Beagle Ch. K-Run’s Park Me in First, better known to the world as Uno, had one of the busiest post-Westminster lives. Accompanied by Westminster announcer David Frei, Uno crisscrossed the country as an ambassador for his pet cause: canine therapy work.
He also “threw” the first pitch at baseball games, and made appearances at art gallery openings and charity fundraisers. He rode on a float in the Macy’s Thanksgiving Day Parade, flipped the switch at the Empire State Building to turn on its purple and gold lights to celebrate Westminster Week in 2009 — and even visited the White House.
Since his Beagle Across America tour concluded, Uno has simply lived the life of a dog says co-owner Eddie Dziuk, chief operating officer of the Orthopedic Foundation for Animals. “He lives with his co-owner, Caroline Dowell, and he’s a full-time house dog,” says Dziuk. “He sleeps in her bed, and hangs out with other Beagles.”
English Springer Spaniel Ch. Felicity’s Diamond Jim (James to his friends) was nearly seven years old when he won Best in Show, making him one of the oldest Springer Spaniels to take top honors at Westminster.
After his win, he focused on a career in pet therapy with his owner, Teresa Patton, of Amissville, Va.
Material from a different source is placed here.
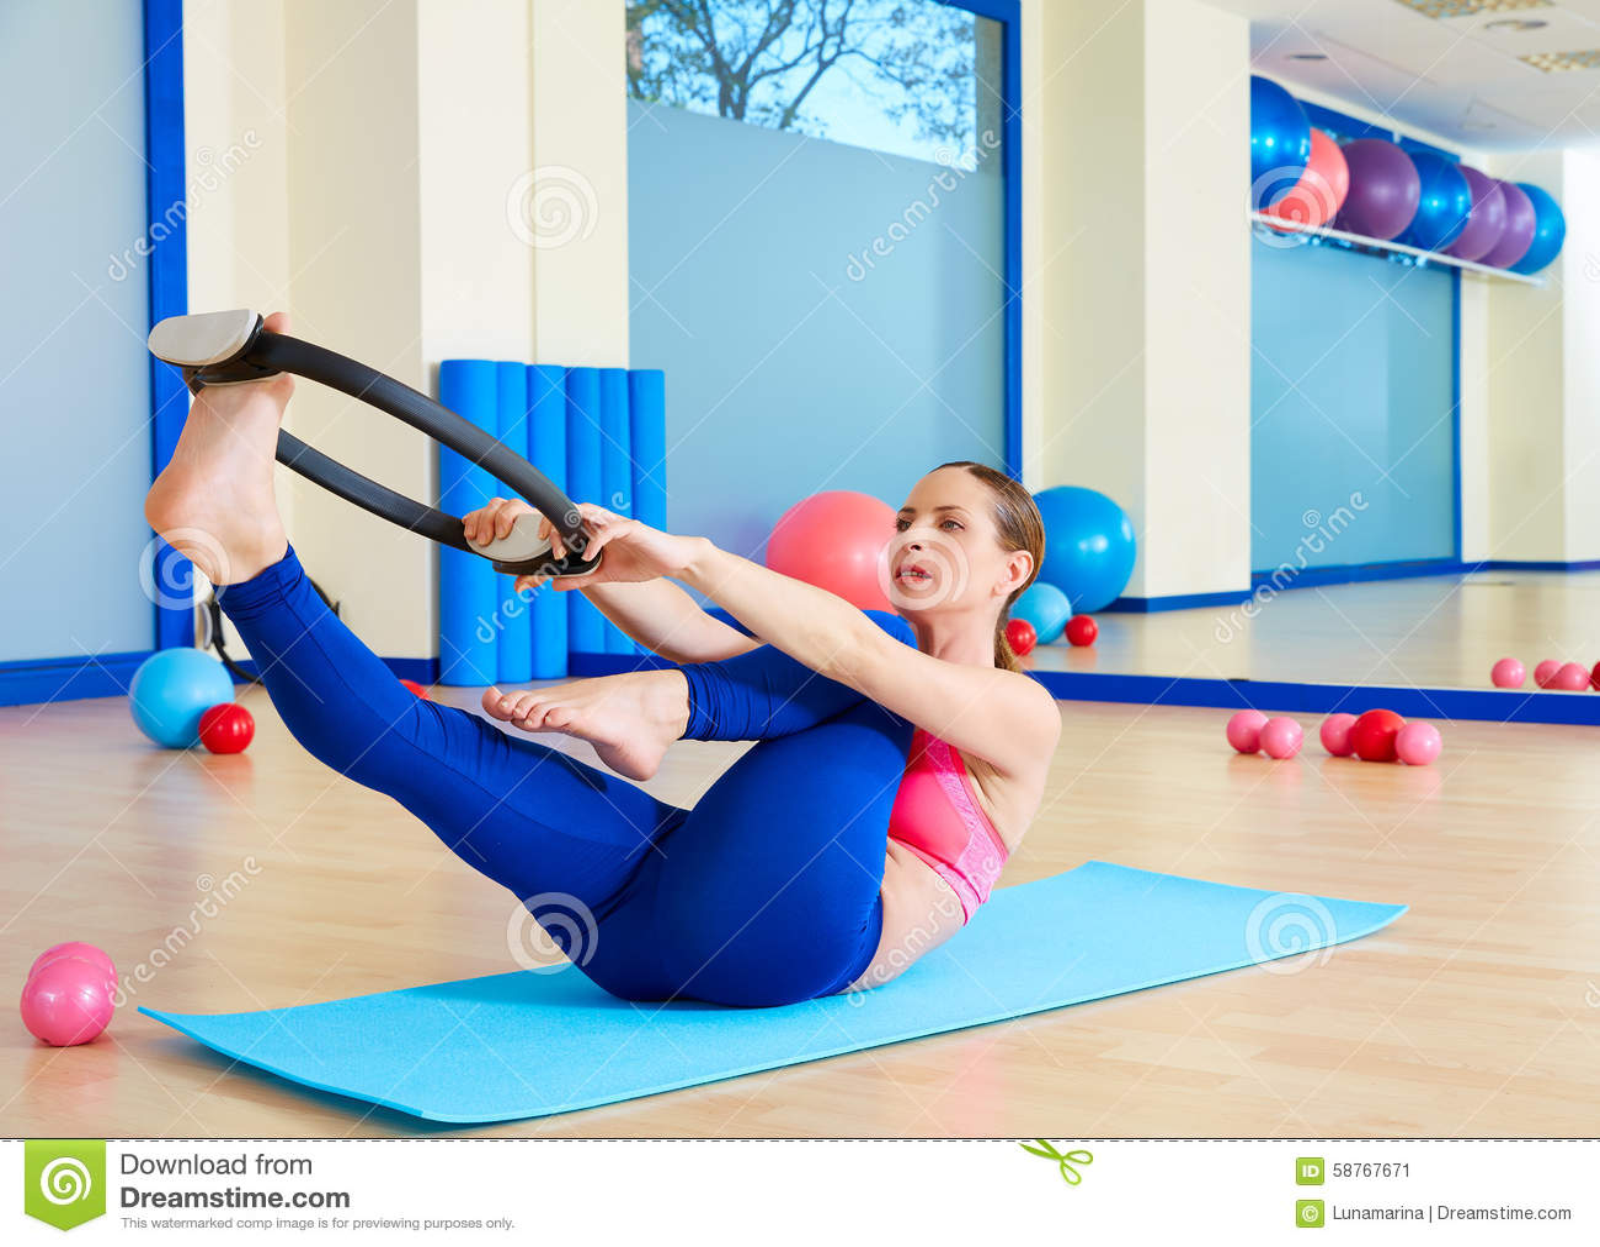 Single leg circles pilates
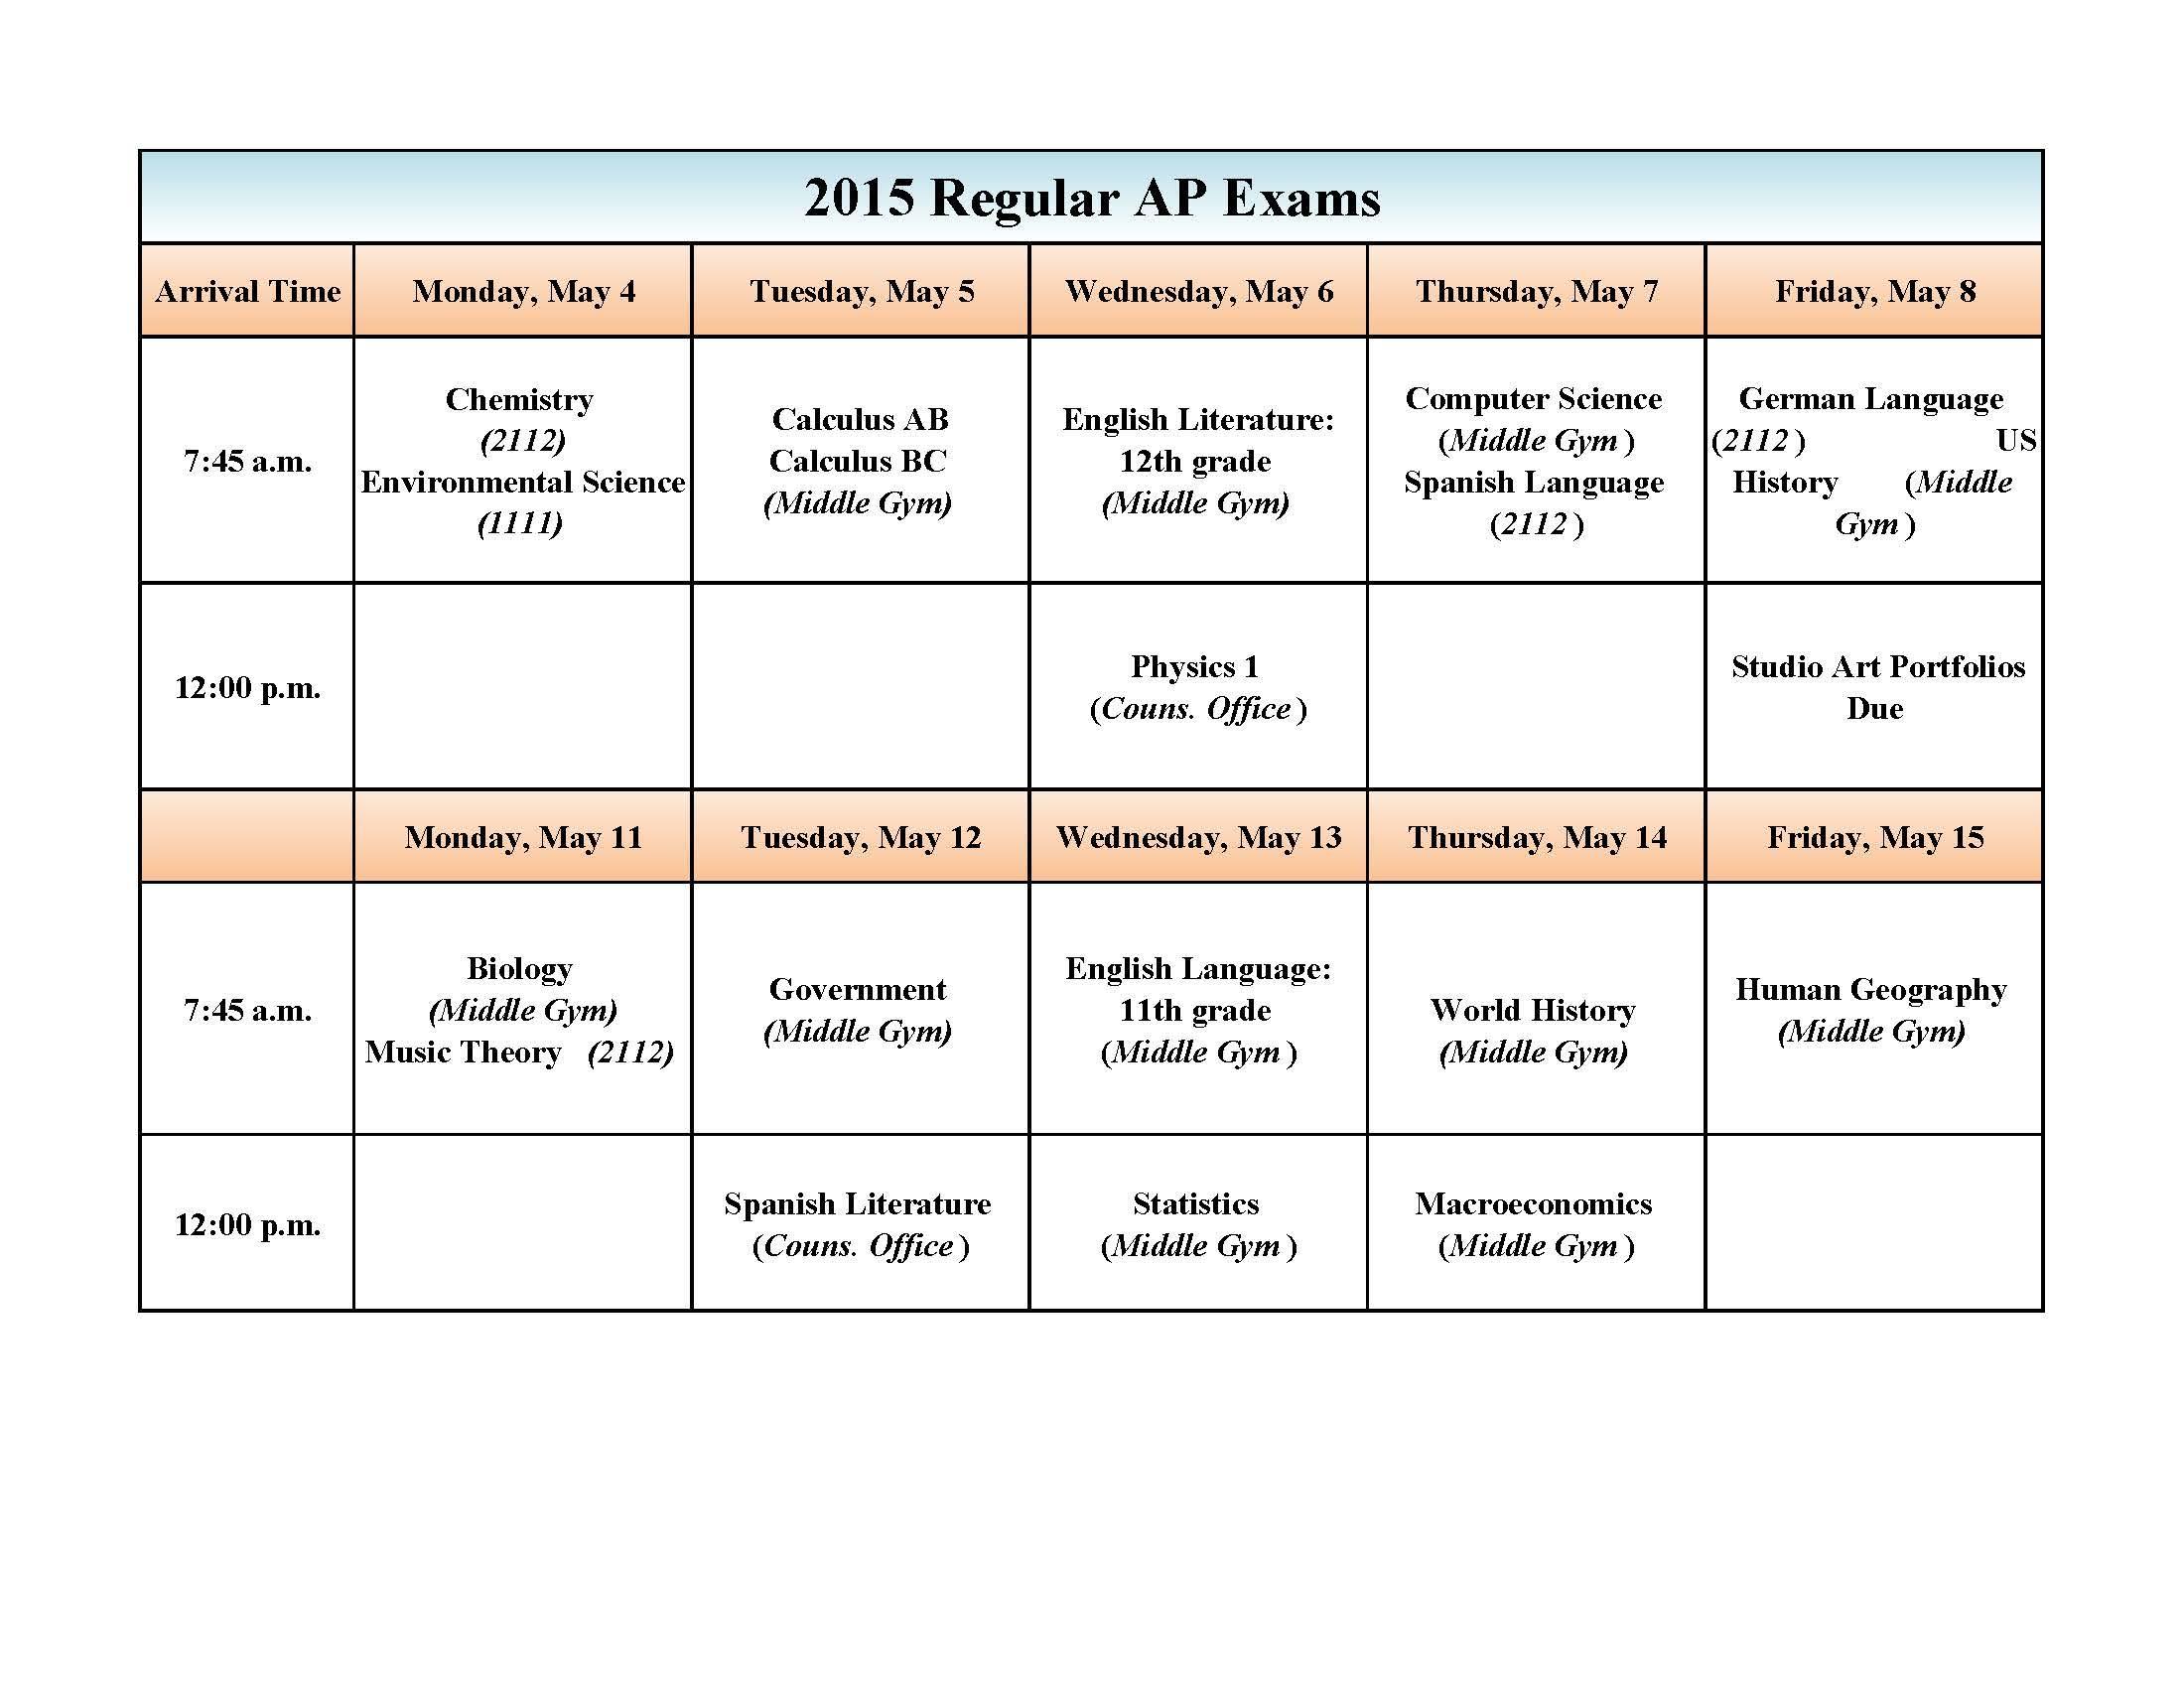 AP schedule

The duo worked with Angel on a Leash and other pet therapy organizations, as well as raised nearly $15,000 for the Alzheimer’s Association by doing memory walks. “James had been doing pet therapy since he was seven months old, and he and I just picked up where he left off,” says Patton.
In his spare time, James finished four rally titles and his first obedience title. He died last May, at age 11, from an aggressive form of lymphoma. His loss is still raw, says Patton, but his memory lives on in her garden, which is planted with purple and gold roses and sprinkled with his ashes.
She will soon have a more tangible remembrance in the form of a litter due in March that was accomplished via a surgical implant. “We’re very excited about the prospect of having children from him this year,” says Patton. “He’s still with us in many ways. People still comment on how charismatic he was, and what a profound impact he had. It reached far beyond the show ring, which is pretty amazing.”